**Assignment:**
Repeat every line of the data exactly; the pictures stay out.

**Source data:**
==================================================
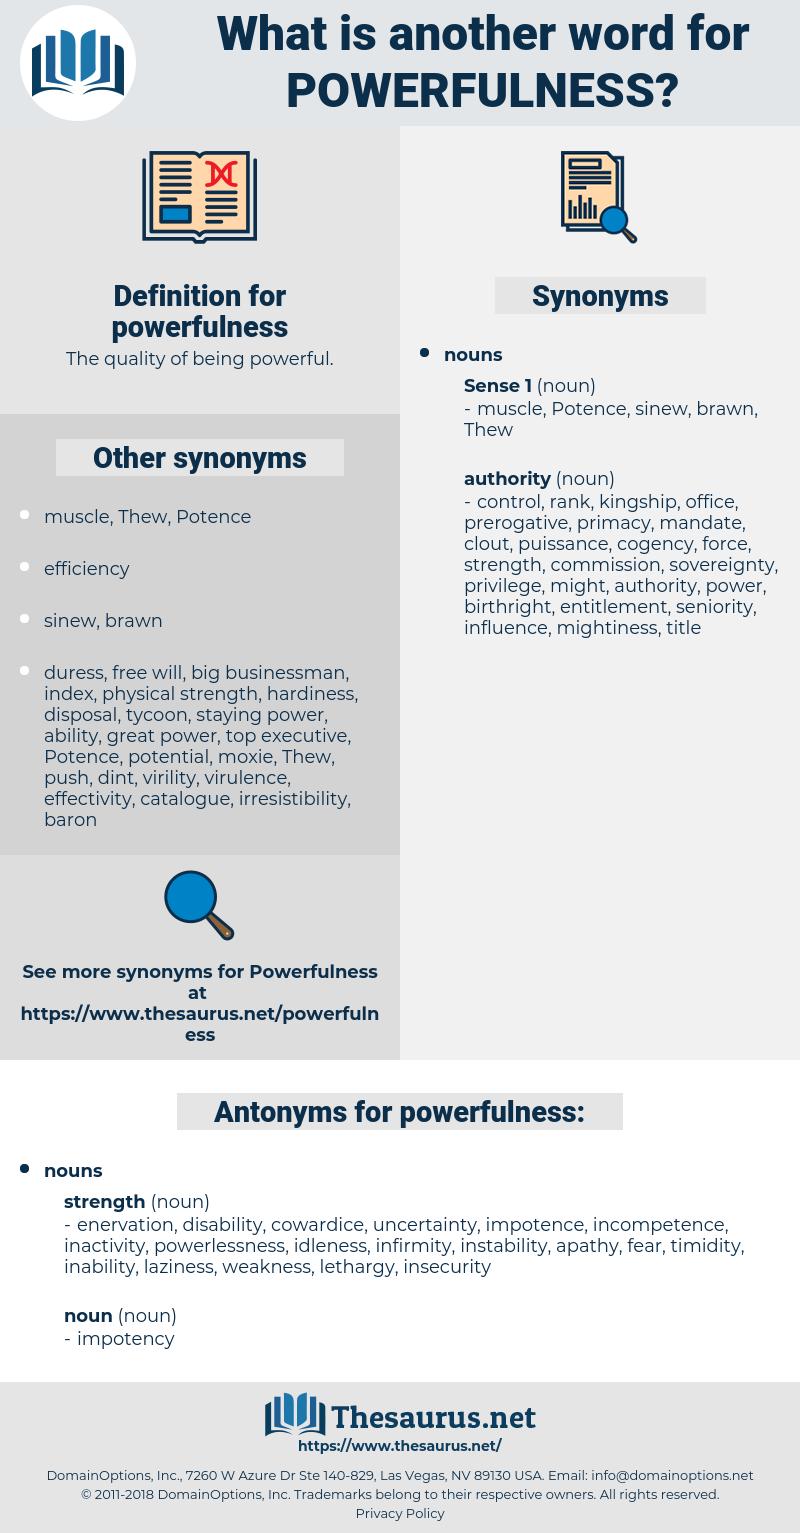 powerfulness, synonym powerfulness, another word for powerfulness, words like powerfulness, thesaurus powerfulness
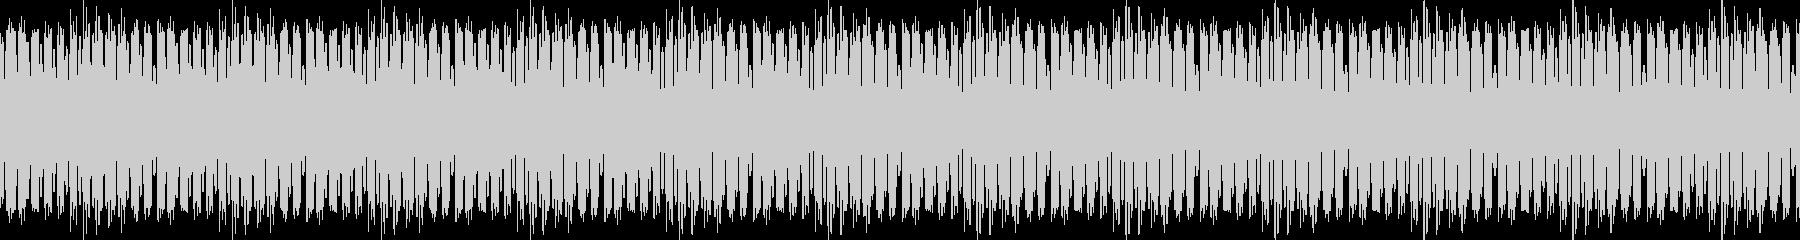 AMGアナログFX 45の未再生の波形
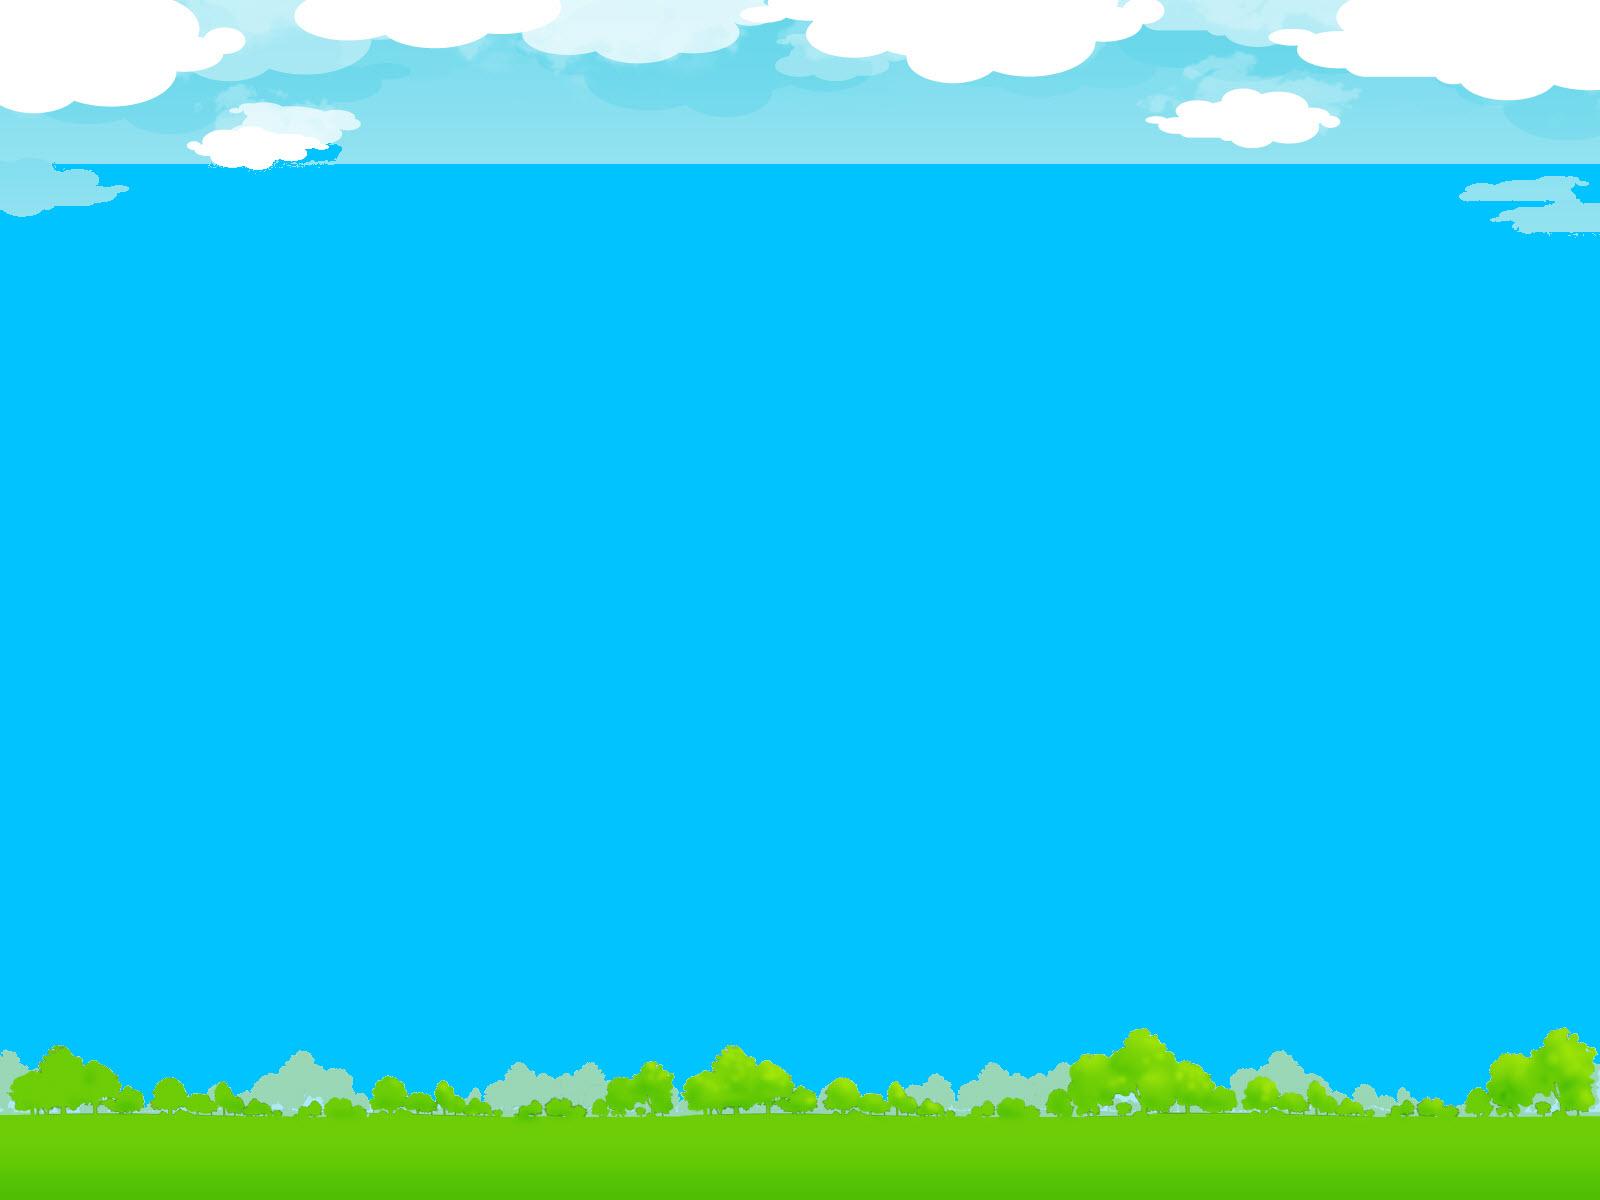 Nền powerpoint màu xanh dương cực đẹp
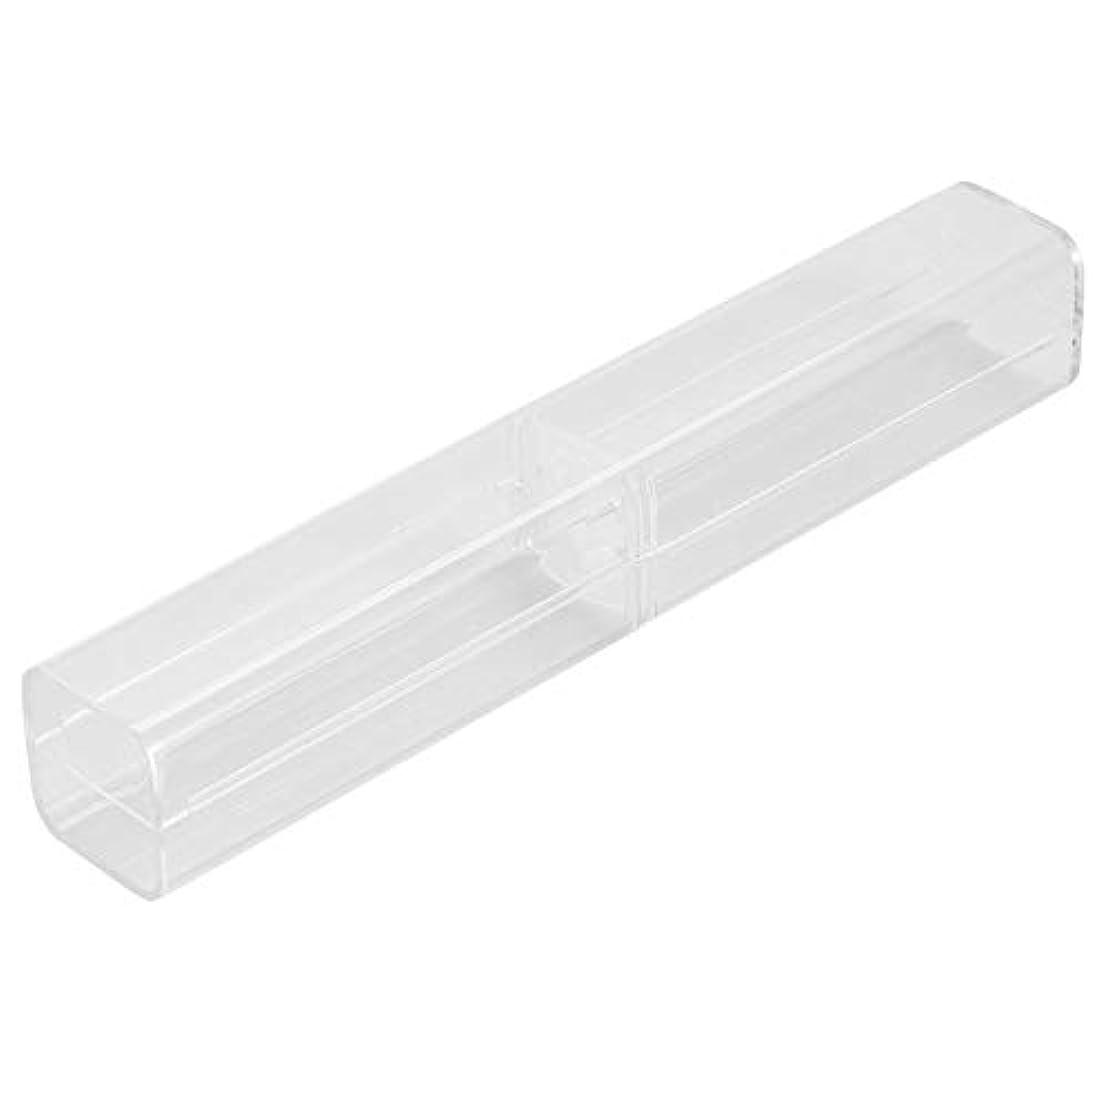 暗くするペチコート増幅する1ピース収納ボックス - 手動ペン眉毛タトゥークリアケース透明収納ボックス、収納ボックス - タトゥーコンテナ
==================================================
**Finished task:**
 powerfulness, synonym powerfulness, another word for powerfulness, words like powerfulness, thesaurus powerfulness
 AMGアナログFX 45の未再生の波形
 Nền powerpoint màu xanh dương cực đẹp
 暗くするペチコート増幅する1ピース収納ボックス - 手動ペン眉毛タトゥークリアケース透明収納ボックス、収納ボックス - タトゥーコンテナ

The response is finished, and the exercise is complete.